The Meaning Of The Google Layoffs
![A woman in a Google shirt.](https://talkmarkets.com/contributor/david-pinsen/user_content/ckimages/orig_google%20shirt.webp)
Cash-Rich But Cutting Headcount
Earlier this week, we looked at a couple of TikTok videos from a former Google employee in Los Angeles, a day in her life at the company.
Video Length: 00:01:12
And the day she got laid off.
Video Length: 00:01:35
She was one of twelve thousand Googlers laid off last week, a number which apparently included 31 massage therapists.
A question some investors have asked is why cash-rich, profitable companies like Google's parent Alphabet, Inc. (GOOG, GOOGL).

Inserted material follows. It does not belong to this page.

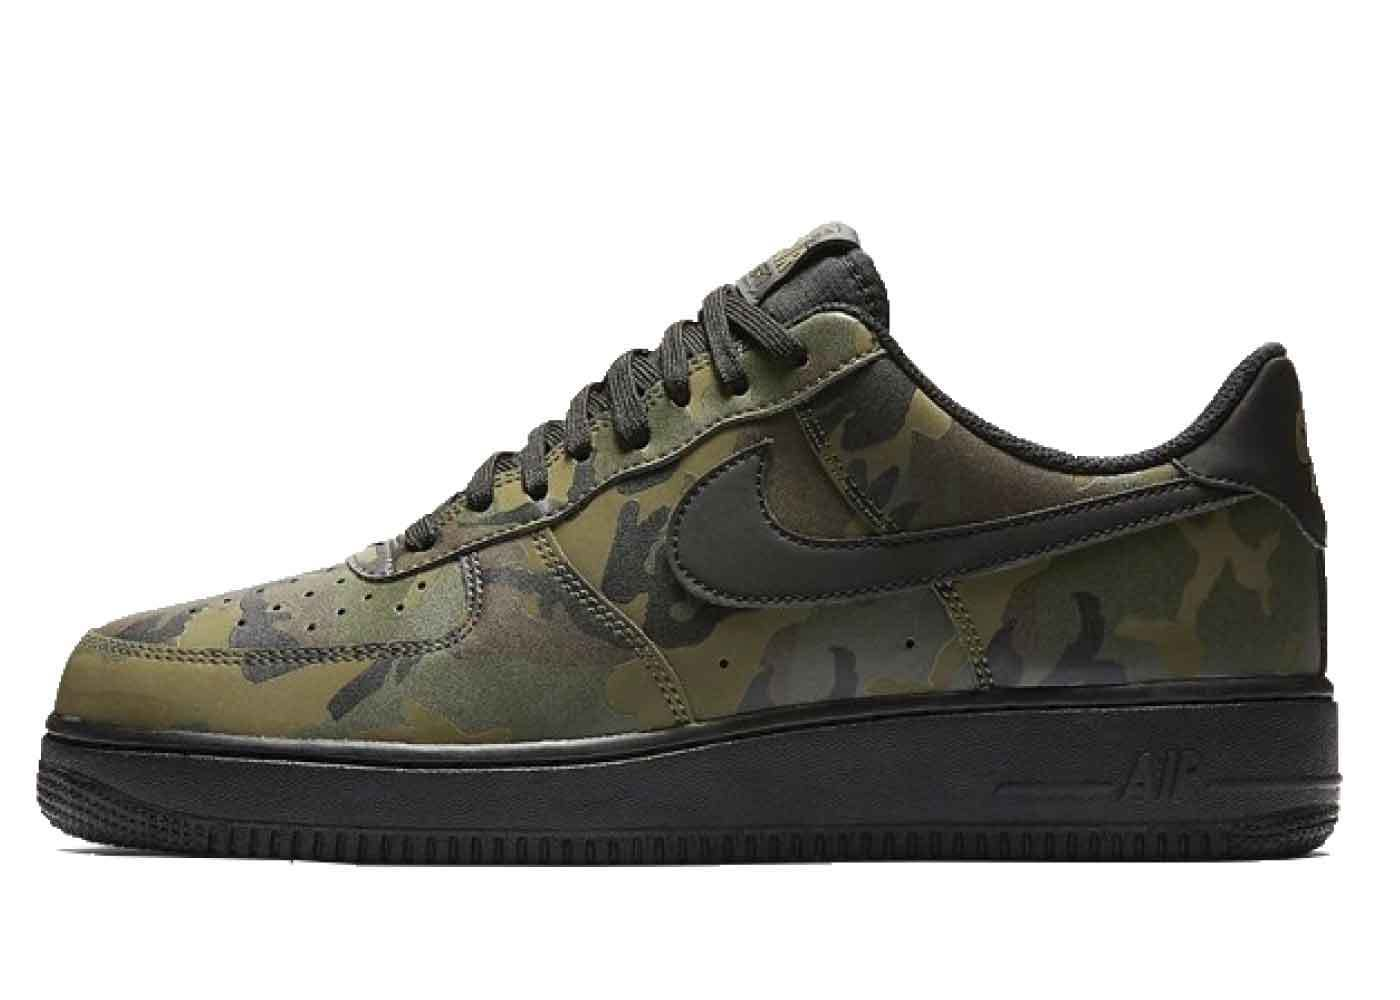 Nike Air Force 1 Low Reflective Camo 相

The short answer is that the market is repricing tech industry revenue.
The Repricing of Revenue
Matt Slotnick elaborated on this phenomenon in a lucid Twitter thread this week:
in 2020 and 2021 the way to create shareholder value was to grow topline. regardless of the quality of revenue, software revenue was being valued at between 30x-100x run rate
— Matt Slotnick (traveling CRM salesman, in nyc) (@matt_slotnick) January 23, 2023
because meaningful cash flow at scale requires a high margin product, high retention, and an ability to upsell and cross sell to drive increasing LTV. once you land, you need to expand share of wallet, continuously. for decades
— Matt Slotnick (traveling CRM salesman, in nyc) (@matt_slotnick) January 23, 2023
so people put a lot of money into companies that were growing like this… pic.twitter.com/ayli69QXC4
— Matt Slotnick (traveling CRM salesman, in nyc) (@matt_slotnick) January 23, 2023
when in reality a lot of these business are destined to look like this pic.twitter.com/whO1hXjkPR
— Matt Slotnick (traveling CRM salesman, in nyc) (@matt_slotnick) January 23, 2023
which is why layoffs are happening, regardless of the amount of cash on the balance sheet. management needs to prove that adding incremental spend drives marginally more return.
— Matt Slotnick (traveling CRM salesman, in nyc) (@matt_slotnick) January 23, 2023
it’s a reset on what it means to be a steward of investor capital
A commenter reading this thread assumed this logic wouldn't apply to big cap tech companies such as Google and Microsoft, Inc. (MSFT), but Slotnick pointed out that size offers no escape here:
if yesterday a dollar of revenue is valued at 20x, the return hurdle for incremental spend is low
— Matt Slotnick (traveling CRM salesman, in nyc) (@matt_slotnick) January 24, 2023
when it goes to 10x, the hurdle is relatively higher, and you now have an inefficient cost structure
Google And The Next Big Thing
Aside from the repricing of revenue, another caution flag for Google is that it no longer appears to be at the cutting edge of technology. Its dominance in search has led to an explosion in SEO (search engine optimization), which is why you can't Google a recipe without getting a keyword-stuffed essay as a preamble to it. Silicon Valley chatter suggests that enormous advances in artificial intelligence are happening now, and apparently Google is lobbying to shut it down.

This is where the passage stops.